That's when they were last year. I expect a "day of reckoning" on 10/9.
It's clear from Becker Drapkin's WILLINGNESS to sell to Primecap, that they are less enamored with Mr. Rouleau, and his chances, than Primecap is....and more importantly, that they are not interested in maintaining the position they once had, because they cannot anywhere nearly see the "whites of the eyes" of a turnaround here. In short, Becker Drapkin considered holding their entire position IMPRUDENT.
and with that in mind, In my view, anyone buying this stock in here is being VERY IMPRUDENT.
When i loaded up on ZLC, back a year and a half ago, when it was at $2.50, there was SOLID EVIDENCE OF A TURNAROUND (and a pending refinance!) and yet, the stock was DOWN, DOWN, DOWN.
Here, there is NO evidence of a turnaround, and yet the atock is UP, UP, UP.
This rally is SOLELY based upon faith in a CEO's name, and history at one company. That is patently reckless of the Street. Or Primecap. Or whoever.
That having been said, I've always liked this company, and the concept, so, despite the fact that I am short, I hope that Rouleau IS able to return them to their past glory. (Even if he is, I'm still convinced the stock is going lower, before it goes higher.)
we have gotten way ahead of our selves here. At best.
I think you are minimizing the potential future value of TUES if they can fix it and grow it.
A growth concept gets awarded a much higher multiple than a stagnant one.
Lets see...3 years from now $1.25-1.50 in EPS, a 20 multiple reflecting the potential growth and we're looking at potentially $25-30.
I dont think thats unreasonable. I hope they can earn more and sooner but Im being conservative.
The question becomes what discount rate do you use to get current value ?
15%= present value of $15.35-18.42. With short term rates being so low, a 15% discount rate is very reasonable.
If I sold out of TUES, my money would be sitting in a savings account earning less than 1%.
And, none of the above really accounts for the possible overvaluation that could occur after years of undervaluation.
All that stuff said, its a whole new ballgame now with the stock at $15 and 3 million in volume friday. Its reasonable to expect BD may have sold more.

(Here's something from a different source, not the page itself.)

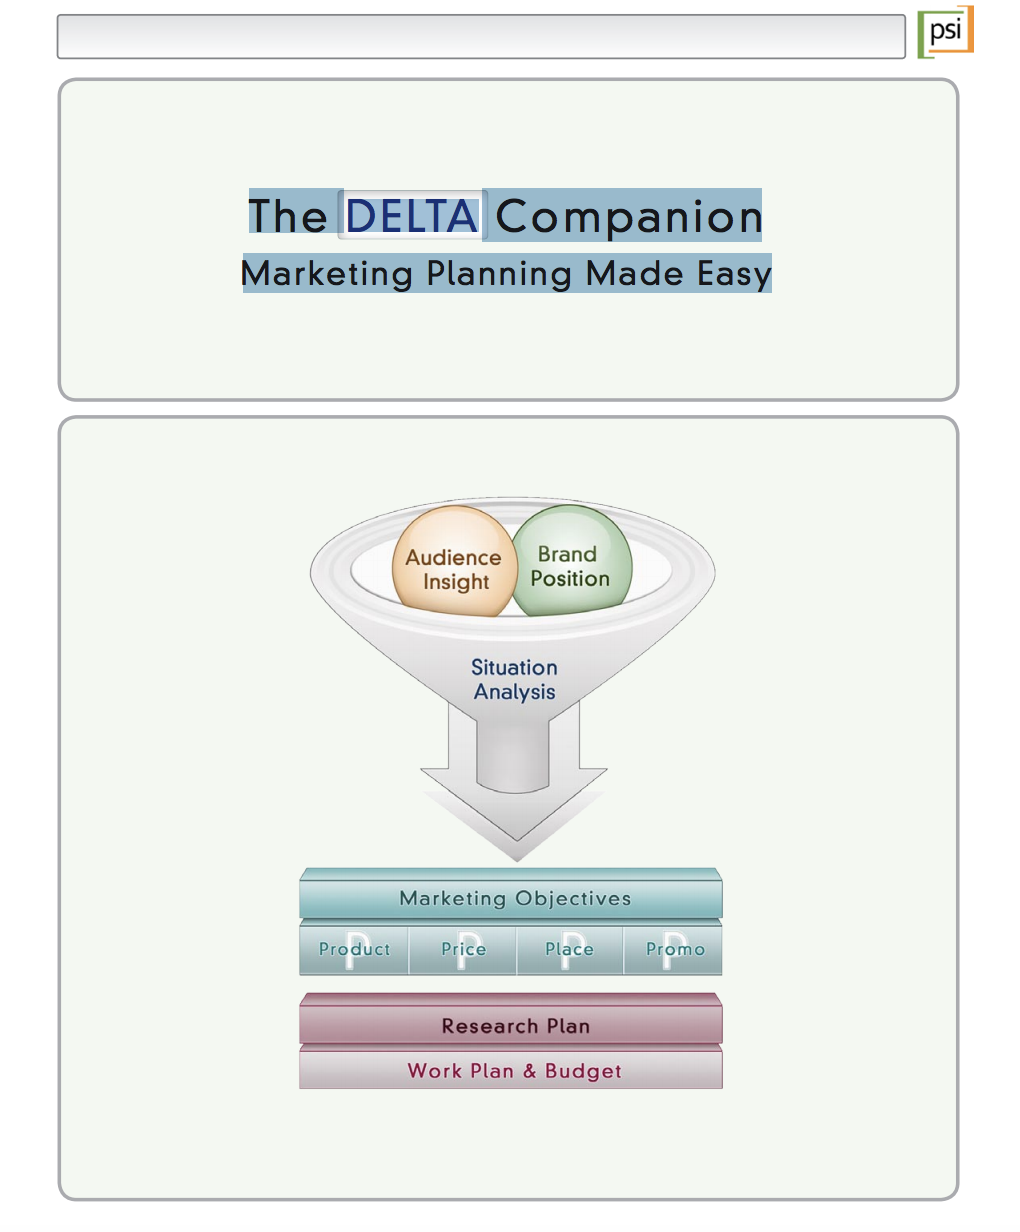 The DELTA Companion Marketing Planning Made Easy

And even if they did, it does not mean the company is going down. It means they made many times their money, faster than they probably expected.
Rational prudence tells them to lighten up.
Ive sold over 82% of my TUES from my peak. So what if BD sold 25-40% or whatever it ends up being, if they did indeed sell more firday.
This situation is just very interesting. And remember, Becker Drapkin has been known to get companies sold. They got TUTR sold within a year of getting involved and ditto for HOTT.
I cant predict who might want to buy TUES but I glanced at Yahoos competitors and saw that BBBY has a marketcap of $16+ billion. Makes TUESs $657 million seem pretty darn cheap by comparison.